EXERCISE DESCRIPTION:
Some of the lines below need repeating. Reproduce exactly those between the lines holding "Thailand Cat 315" and "Control system for", inclusive.

PROVIDED RECORDS:
--------------------
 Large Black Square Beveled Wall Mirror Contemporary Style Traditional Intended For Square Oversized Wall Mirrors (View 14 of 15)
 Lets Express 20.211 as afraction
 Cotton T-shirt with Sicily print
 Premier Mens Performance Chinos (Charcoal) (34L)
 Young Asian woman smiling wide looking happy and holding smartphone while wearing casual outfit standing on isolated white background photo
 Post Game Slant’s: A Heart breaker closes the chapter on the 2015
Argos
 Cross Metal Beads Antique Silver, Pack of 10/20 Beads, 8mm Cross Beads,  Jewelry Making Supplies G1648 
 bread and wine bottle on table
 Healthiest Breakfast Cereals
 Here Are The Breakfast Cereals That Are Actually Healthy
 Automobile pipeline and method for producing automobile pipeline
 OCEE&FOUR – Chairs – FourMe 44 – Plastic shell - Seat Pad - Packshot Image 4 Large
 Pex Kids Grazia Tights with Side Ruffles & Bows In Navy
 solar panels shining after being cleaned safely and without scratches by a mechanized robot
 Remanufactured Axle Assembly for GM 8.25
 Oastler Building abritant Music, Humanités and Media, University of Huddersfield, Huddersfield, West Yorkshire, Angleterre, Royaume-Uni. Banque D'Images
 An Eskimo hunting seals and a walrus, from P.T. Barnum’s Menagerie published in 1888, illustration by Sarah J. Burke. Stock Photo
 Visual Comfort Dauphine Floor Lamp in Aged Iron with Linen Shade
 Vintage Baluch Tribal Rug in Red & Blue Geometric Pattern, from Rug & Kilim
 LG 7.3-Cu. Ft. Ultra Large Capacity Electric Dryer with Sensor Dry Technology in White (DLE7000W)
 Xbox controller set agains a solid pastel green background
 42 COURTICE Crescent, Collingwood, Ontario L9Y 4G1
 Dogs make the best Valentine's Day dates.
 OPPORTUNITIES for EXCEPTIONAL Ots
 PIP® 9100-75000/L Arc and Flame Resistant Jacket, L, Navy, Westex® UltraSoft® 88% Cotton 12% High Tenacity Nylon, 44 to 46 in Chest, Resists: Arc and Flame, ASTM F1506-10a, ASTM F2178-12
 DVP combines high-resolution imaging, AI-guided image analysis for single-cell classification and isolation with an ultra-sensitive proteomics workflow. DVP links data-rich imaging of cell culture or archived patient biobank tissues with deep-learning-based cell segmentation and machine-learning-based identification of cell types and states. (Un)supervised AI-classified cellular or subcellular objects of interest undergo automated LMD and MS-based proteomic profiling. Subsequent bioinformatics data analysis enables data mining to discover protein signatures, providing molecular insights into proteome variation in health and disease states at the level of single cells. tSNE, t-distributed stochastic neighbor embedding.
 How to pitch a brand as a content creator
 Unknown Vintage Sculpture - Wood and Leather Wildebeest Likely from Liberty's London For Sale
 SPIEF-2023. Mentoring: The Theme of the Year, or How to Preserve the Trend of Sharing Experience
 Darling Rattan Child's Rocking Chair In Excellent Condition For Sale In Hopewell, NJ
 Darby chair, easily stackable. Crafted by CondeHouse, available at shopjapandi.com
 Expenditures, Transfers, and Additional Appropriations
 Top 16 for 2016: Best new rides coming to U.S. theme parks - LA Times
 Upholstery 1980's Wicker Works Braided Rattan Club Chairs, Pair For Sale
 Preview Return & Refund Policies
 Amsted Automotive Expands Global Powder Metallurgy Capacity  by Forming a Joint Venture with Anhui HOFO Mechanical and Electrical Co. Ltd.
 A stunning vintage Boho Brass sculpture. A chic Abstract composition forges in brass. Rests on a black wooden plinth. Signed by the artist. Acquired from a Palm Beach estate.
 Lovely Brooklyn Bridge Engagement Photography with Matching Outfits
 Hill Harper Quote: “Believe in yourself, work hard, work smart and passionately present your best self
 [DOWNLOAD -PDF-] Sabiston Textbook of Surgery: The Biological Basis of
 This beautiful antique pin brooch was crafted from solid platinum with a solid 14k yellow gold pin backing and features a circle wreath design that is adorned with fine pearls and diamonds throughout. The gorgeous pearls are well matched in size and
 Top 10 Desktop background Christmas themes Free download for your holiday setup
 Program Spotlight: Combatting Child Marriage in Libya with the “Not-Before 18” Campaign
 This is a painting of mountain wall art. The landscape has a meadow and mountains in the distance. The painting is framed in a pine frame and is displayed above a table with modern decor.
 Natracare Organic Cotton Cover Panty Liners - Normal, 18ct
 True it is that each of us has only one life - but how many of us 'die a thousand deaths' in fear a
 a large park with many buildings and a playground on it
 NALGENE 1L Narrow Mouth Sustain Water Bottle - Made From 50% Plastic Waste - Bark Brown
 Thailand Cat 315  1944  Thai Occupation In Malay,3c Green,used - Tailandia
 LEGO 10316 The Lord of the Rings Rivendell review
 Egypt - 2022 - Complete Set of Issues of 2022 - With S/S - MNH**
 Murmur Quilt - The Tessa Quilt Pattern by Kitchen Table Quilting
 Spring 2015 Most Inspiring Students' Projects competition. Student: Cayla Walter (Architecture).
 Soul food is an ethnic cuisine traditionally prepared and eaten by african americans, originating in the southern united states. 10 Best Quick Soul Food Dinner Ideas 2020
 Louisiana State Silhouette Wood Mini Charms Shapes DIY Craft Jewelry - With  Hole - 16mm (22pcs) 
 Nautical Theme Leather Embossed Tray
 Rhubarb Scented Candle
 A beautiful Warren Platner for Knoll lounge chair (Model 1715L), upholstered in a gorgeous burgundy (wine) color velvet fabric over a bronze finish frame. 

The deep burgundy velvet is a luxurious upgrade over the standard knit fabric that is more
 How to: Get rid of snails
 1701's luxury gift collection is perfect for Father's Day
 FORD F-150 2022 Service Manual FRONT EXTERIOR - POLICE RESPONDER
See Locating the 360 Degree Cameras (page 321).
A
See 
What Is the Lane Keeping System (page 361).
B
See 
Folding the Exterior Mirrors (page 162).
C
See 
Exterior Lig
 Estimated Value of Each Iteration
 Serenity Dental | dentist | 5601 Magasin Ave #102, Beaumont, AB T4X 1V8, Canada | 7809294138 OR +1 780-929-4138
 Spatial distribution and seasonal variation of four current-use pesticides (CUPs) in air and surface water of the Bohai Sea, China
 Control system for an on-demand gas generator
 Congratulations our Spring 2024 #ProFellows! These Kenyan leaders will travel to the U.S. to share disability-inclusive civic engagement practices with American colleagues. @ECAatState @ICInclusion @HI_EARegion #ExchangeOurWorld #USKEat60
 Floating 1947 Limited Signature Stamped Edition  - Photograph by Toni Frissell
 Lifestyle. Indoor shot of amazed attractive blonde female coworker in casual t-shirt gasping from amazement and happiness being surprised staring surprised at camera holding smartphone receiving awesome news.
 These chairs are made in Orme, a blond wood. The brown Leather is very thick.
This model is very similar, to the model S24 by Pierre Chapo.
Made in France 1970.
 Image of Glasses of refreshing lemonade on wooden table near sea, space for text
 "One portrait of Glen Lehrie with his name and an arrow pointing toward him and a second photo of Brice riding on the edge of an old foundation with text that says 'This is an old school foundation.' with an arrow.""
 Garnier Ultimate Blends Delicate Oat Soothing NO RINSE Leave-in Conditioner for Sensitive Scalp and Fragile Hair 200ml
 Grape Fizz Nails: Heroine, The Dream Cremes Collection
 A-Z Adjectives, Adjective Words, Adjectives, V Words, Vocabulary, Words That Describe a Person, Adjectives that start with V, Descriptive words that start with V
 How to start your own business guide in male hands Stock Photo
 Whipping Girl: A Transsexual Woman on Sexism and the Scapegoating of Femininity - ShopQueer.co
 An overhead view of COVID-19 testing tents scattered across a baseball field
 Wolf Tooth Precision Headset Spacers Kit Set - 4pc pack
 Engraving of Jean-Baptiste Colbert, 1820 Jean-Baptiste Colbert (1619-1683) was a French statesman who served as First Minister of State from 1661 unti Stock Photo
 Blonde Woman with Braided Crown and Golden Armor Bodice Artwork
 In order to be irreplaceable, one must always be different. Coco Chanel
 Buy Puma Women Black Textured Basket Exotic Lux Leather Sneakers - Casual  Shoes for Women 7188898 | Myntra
--------------------
RESPONSE BOX:
 Thailand Cat 315  1944  Thai Occupation In Malay,3c Green,used - Tailandia
 LEGO 10316 The Lord of the Rings Rivendell review
 Egypt - 2022 - Complete Set of Issues of 2022 - With S/S - MNH**
 Murmur Quilt - The Tessa Quilt Pattern by Kitchen Table Quilting
 Spring 2015 Most Inspiring Students' Projects competition. Student: Cayla Walter (Architecture).
 Soul food is an ethnic cuisine traditionally prepared and eaten by african americans, originating in the southern united states. 10 Best Quick Soul Food Dinner Ideas 2020
 Louisiana State Silhouette Wood Mini Charms Shapes DIY Craft Jewelry - With  Hole - 16mm (22pcs) 
 Nautical Theme Leather Embossed Tray
 Rhubarb Scented Candle
 A beautiful Warren Platner for Knoll lounge chair (Model 1715L), upholstered in a gorgeous burgundy (wine) color velvet fabric over a bronze finish frame. 

The deep burgundy velvet is a luxurious upgrade over the standard knit fabric that is more
 How to: Get rid of snails
 1701's luxury gift collection is perfect for Father's Day
 FORD F-150 2022 Service Manual FRONT EXTERIOR - POLICE RESPONDER
See Locating the 360 Degree Cameras (page 321).
A
See 
What Is the Lane Keeping System (page 361).
B
See 
Folding the Exterior Mirrors (page 162).
C
See 
Exterior Lig
 Estimated Value of Each Iteration
 Serenity Dental | dentist | 5601 Magasin Ave #102, Beaumont, AB T4X 1V8, Canada | 7809294138 OR +1 780-929-4138
 Spatial distribution and seasonal variation of four current-use pesticides (CUPs) in air and surface water of the Bohai Sea, China
 Control system for an on-demand gas generator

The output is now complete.